La actividad eléctrica sin pulso constituye una condición médica crítica en la cual se identifica un ritmo cardíaco organizado mediante el electrocardiograma, pero no se percibe ningún pulso carotídeo palpable. Esta situación representa una emergencia médica grave, ya que indica que, a pesar de la presencia de señales eléctricas cardíacas, la actividad mecánica del corazón está severamente comprometida. Como consecuencia, el corazón es incapaz de generar un gasto cardíaco adecuado, lo que provoca la incapacidad de mantener una presión arterial suficiente para la perfusión tisular. La actividad eléctrica sin pulso se reconoce como un ritmo de paro cardiorrespiratorio en el que la sincronización entre la despolarización eléctrica y la contracción mecánica del miocardio se encuentra alterada o ausente.
Es fundamental señalar que los ritmos como la fibrilación ventricular y la asistolia no se incluyen dentro del concepto de actividad eléctrica sin pulso, dado que estos presentan desorganización eléctrica completa y, por ende, carecen de la coordinación necesaria para generar contracciones efectivas. Sin embargo, ritmos organizados, tales como bradiarritmias, taquiarritmias o incluso ritmo sinusal, pueden manifestarse como actividad eléctrica sin pulso siempre que no se trate de taquicardia ventricular. Esta distinción es importante, ya que la presencia de un ritmo organizado no garantiza la existencia de un pulso detectable ni la perfusión efectiva de los tejidos.
La asistolia se define por la ausencia total de actividad eléctrica cardíaca, manifestándose en el electrocardiograma como una línea isoeléctrica. Al igual que en la actividad eléctrica sin pulso, no se encuentra ningún pulso carotídeo palpable. La evaluación precisa de la asistolia requiere confirmar la correcta conexión de los electrodos del monitor y, en ocasiones, modificar la derivación electrocardiográfica para descartar artefactos que puedan simular actividad eléctrica. La asistolia representa un ritmo no desfibrilable y su presencia indica una situación crítica que requiere intervención inmediata mediante maniobras de reanimación cardiopulmonar de alta calidad.

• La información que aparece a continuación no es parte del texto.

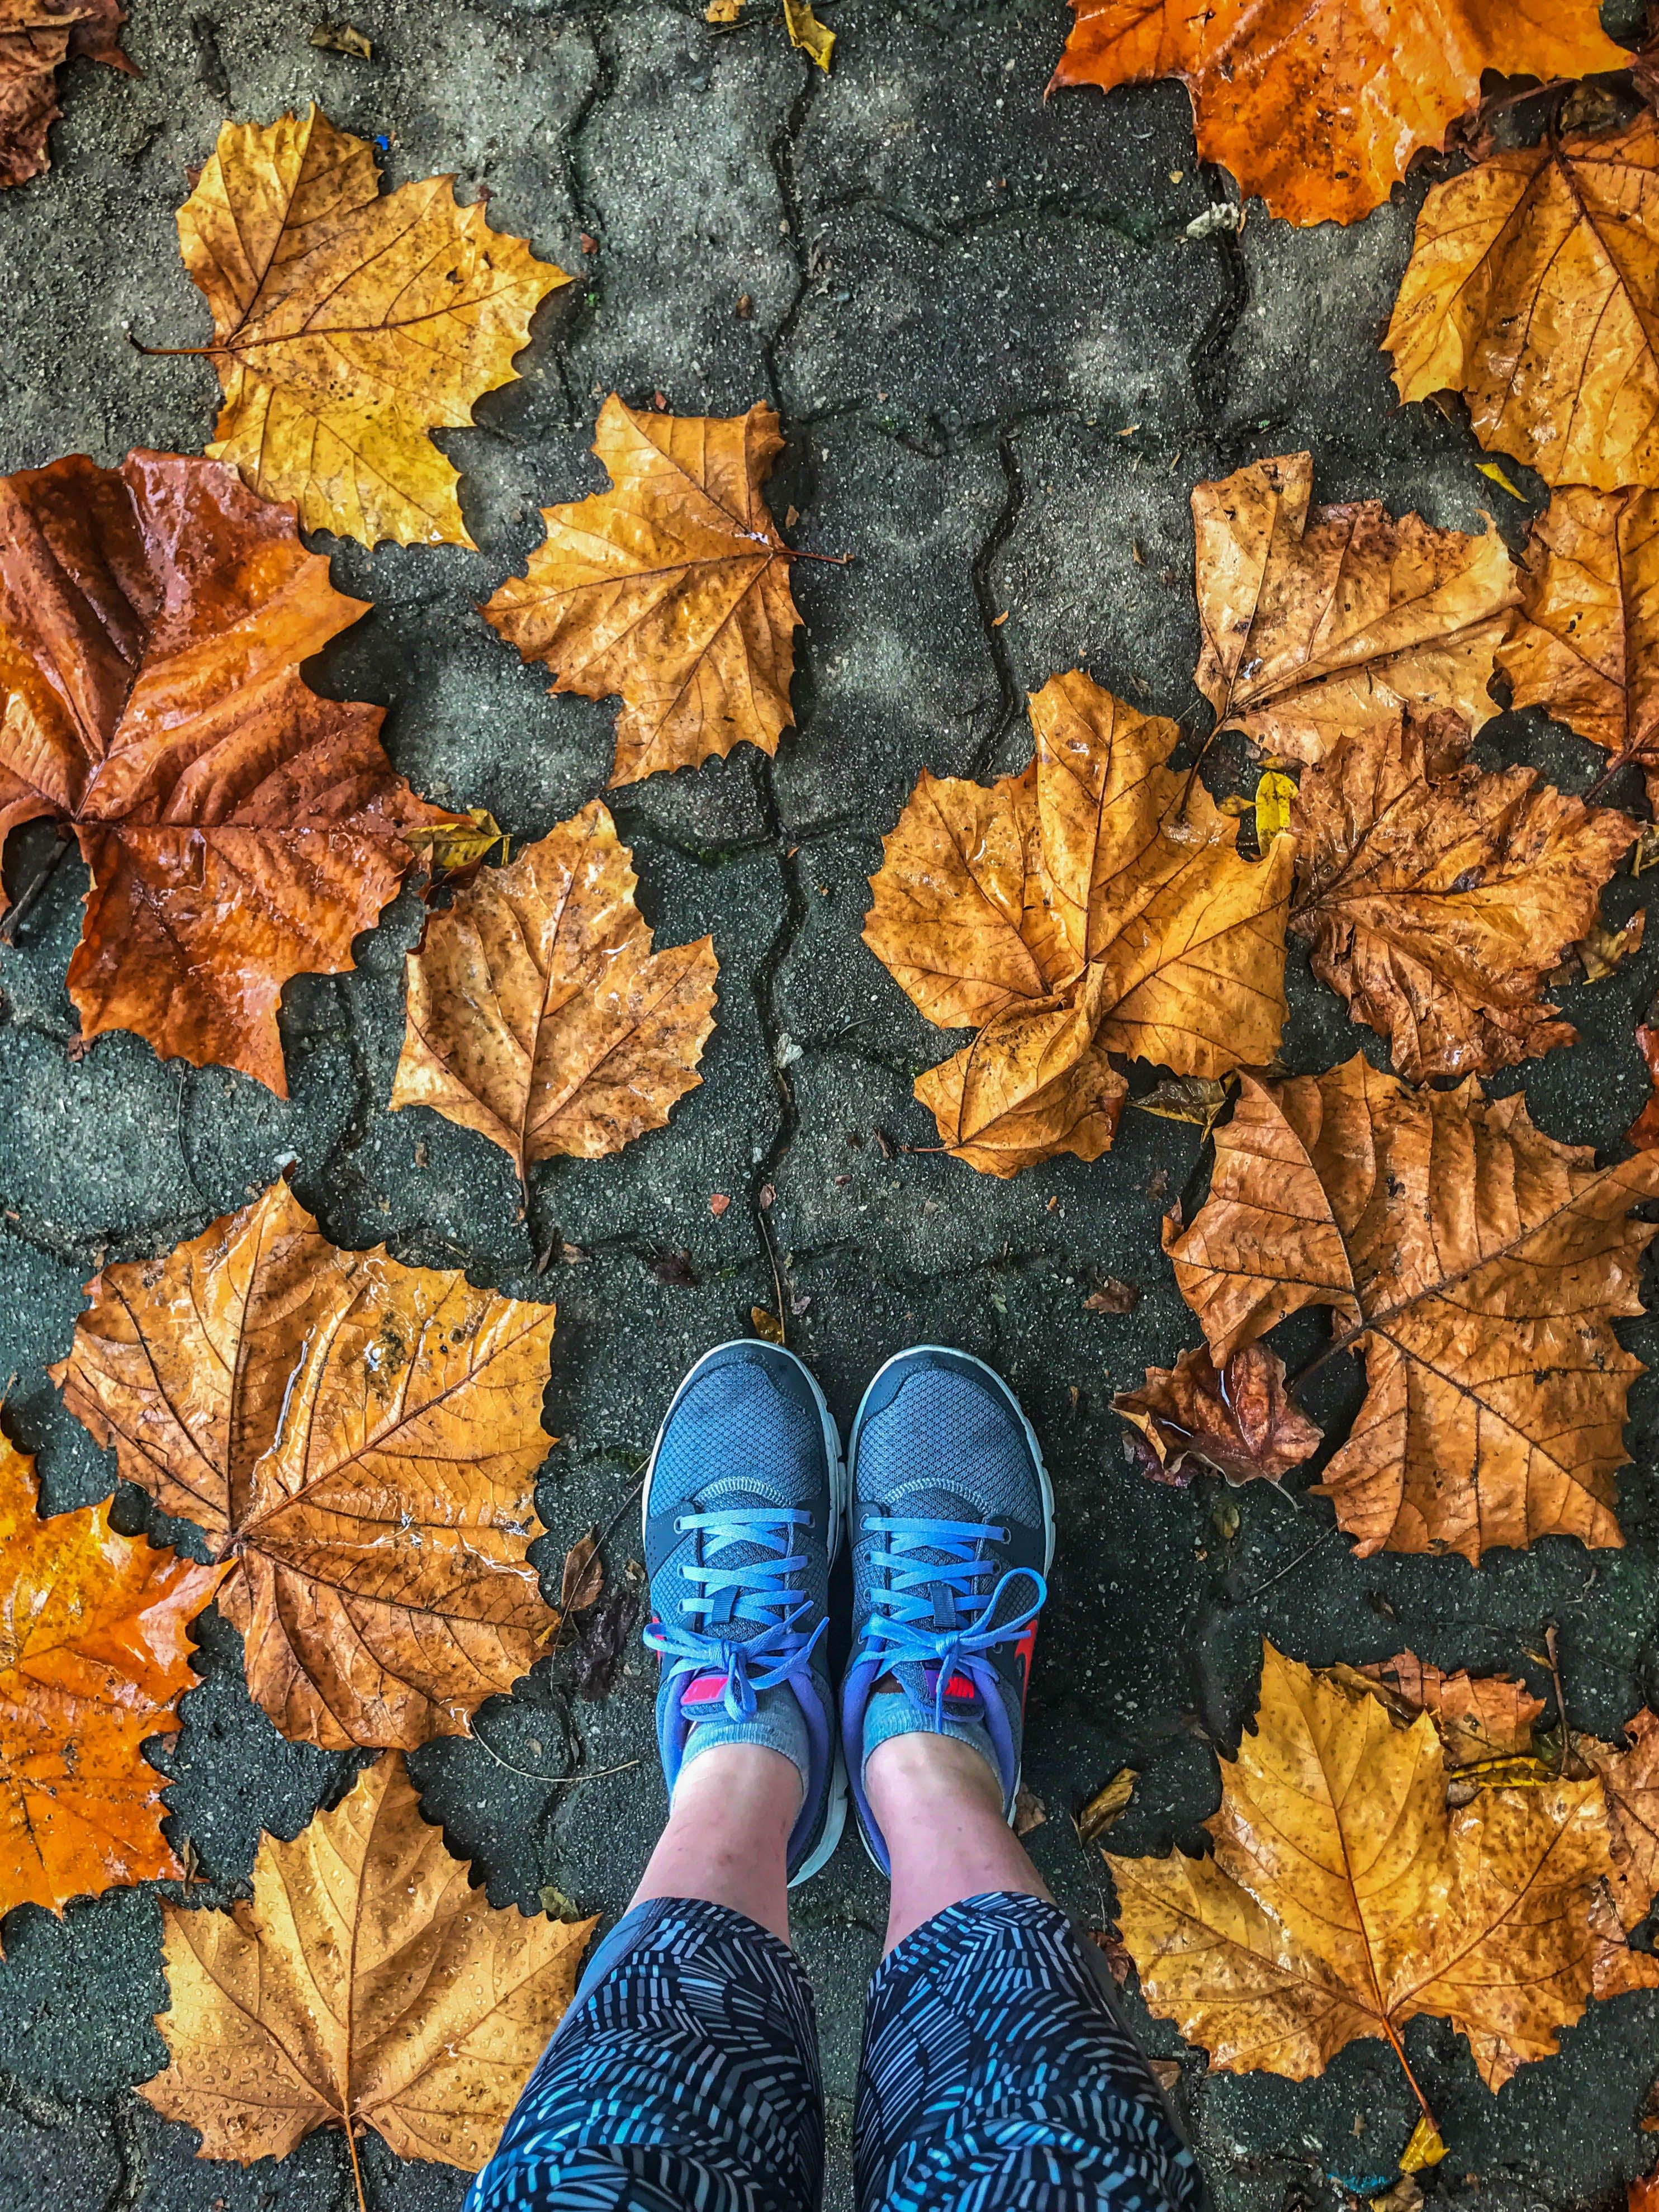 Free stock photo of #autumn, #autumnleaf, #autumnleaves, #fall

La reanimación cardiopulmonar incluye compresiones torácicas firmes y continuas, ventilación adecuada mediante bolsa-mascarilla y administración de medicamentos apropiados. En el caso de ritmos no desfibrilables, como la actividad eléctrica sin pulso o la asistolia, es imperativo iniciar o reiniciar las compresiones torácicas sin demora. Se recomienda realizar cinco ciclos de reanimación, equivalentes a aproximadamente dos minutos, siguiendo la proporción de treinta compresiones torácicas por dos ventilaciones. Posteriormente, se debe reevaluar el ritmo cardíaco mediante monitorización continua y comprobar la presencia de un pulso carotídeo palpable. Si el pulso permanece ausente, las compresiones torácicas deben reiniciarse inmediatamente para intentar restablecer la circulación.
En el caso específico de la asistolia, una vez confirmada la ausencia de actividad eléctrica, no es necesario palpar el pulso, ya que esta situación implica la falta total de contracción mecánica del corazón. Las compresiones torácicas deben continuarse de manera inmediata para mantener un flujo sanguíneo mínimo hacia órganos vitales. La administración temprana de adrenalina durante el paro cardíaco no desfibrilable ha demostrado mejorar el flujo coronario y cerebral, aumentando la probabilidad de restaurar la función cardíaca efectiva. Por el contrario, el uso de atropina ha sido desaconsejado en las guías recientes debido a la falta de evidencia sobre su beneficio en la supervivencia o la recuperación neurológica.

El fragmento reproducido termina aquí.